I think I’ve come up with a way to avoid that (i.e. have type stable, yet generic memoisation). The idea is to let the macro create a generated function which will have access to the argument types and then use Core.Compiler.return_type to get the return type. With this information all types are fully specified at compile time and the container (Dict or whatever) can be fully specific.
There are some obvious caveats, chiefly among them that the memoised function has all the constraints of a generated function. However, for the usual use cases of memoisation that should not be an issue, I think.
Is there anything else wrong with this approach that I might have missed?
Working implementation below.
using MacroUtils
macro cached(f)
fun = splitdef(f)
fname = fun[:name]
newfname = gensym(string(fname))
fun[:name] = newfname
args = fun[:args]
# needs to be generated here, otherwise quoting gets wonky
fcall = Meta.quot(quote
get!($(Expr(:$, :cache)), ($(args...),), $newfname($(args...)))
end)
quote
# generate actual function
$(esc(combinedef(fun)))
@generated function $(esc(fname))($(esc.(args)...))
arg_types = Tuple{$(esc.(args)...)}
ret_type = Core.Compiler.return_type($(esc(newfname)), arg_types)

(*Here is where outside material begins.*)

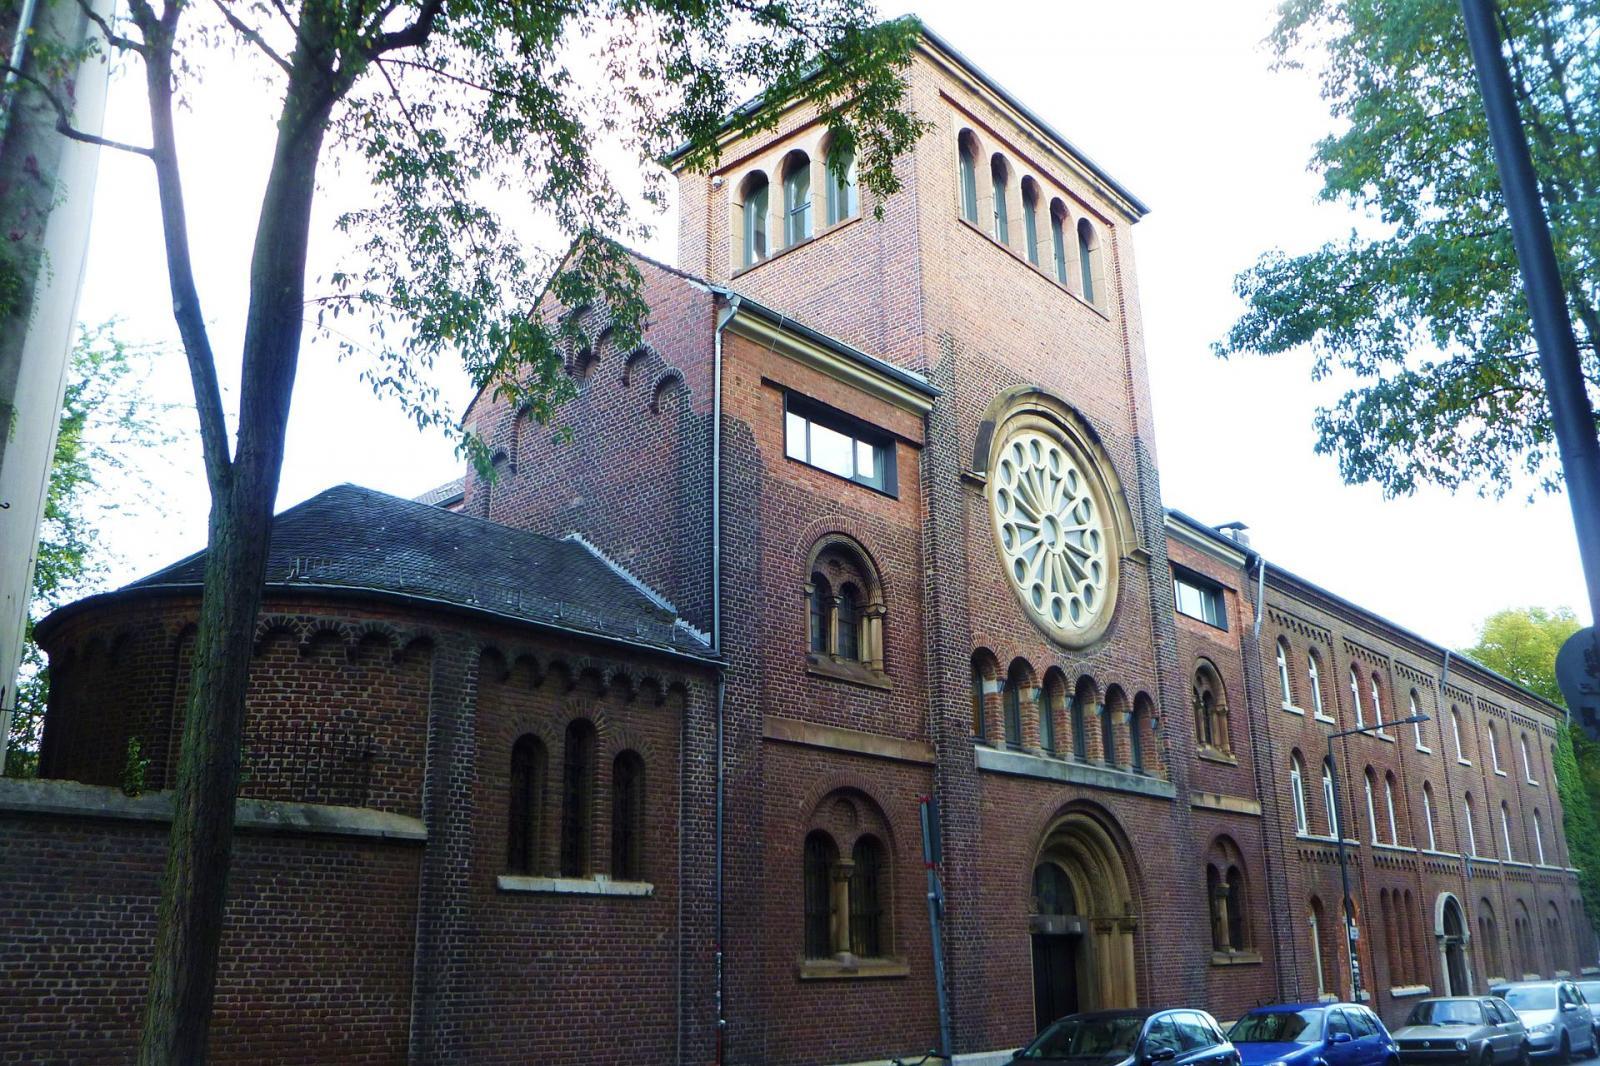 Umnutzung kloster st alfons aachen innenarchitektur baukunst nrw - Innenarchitektur aachen ...

cache = Dict{arg_types, ret_type}()
# TODO store somewhere appropriate
global cfuns
cfuns[($(esc(fname)), $(esc.(args)...))] = cache
$fcall
end
end
end
Good idea: even if what return_types changes, it will remain correct and it will be efficient for efficient functions. You probably want to use an IdDict instead of Dict for the cache. I think it would make sense to add this logic to the Memoize.jl implementation, which I think was originally written before IdDict had type parameters.
Interesting, I didn’t even know those existed. I’m not sure I would feel comfortable trusting the compiler to decide which version to use, though. In my particular use case the function call is happening hundreds or thousands of times in the inner loop of a simulation, so I know I want the fastest possible code.
I believe the non-generated path is mainly for when Julia is interpreting the code instead of compiling it - because then it’s faster to interpret the non-generated code than generate the generated code and then interpret that. So I don’t think you need to worry.
Currently the @generated branch is always used. In the future, which branch is used will mostly depend on whether the JIT compiler is enabled and available,
This is the body of the generated function using get! to check for the value and setting it to the calculated value if not present. However, I accidentally used the non-closure form, so the value is actually calculated every time which is pretty pointless if you want to do memoisation…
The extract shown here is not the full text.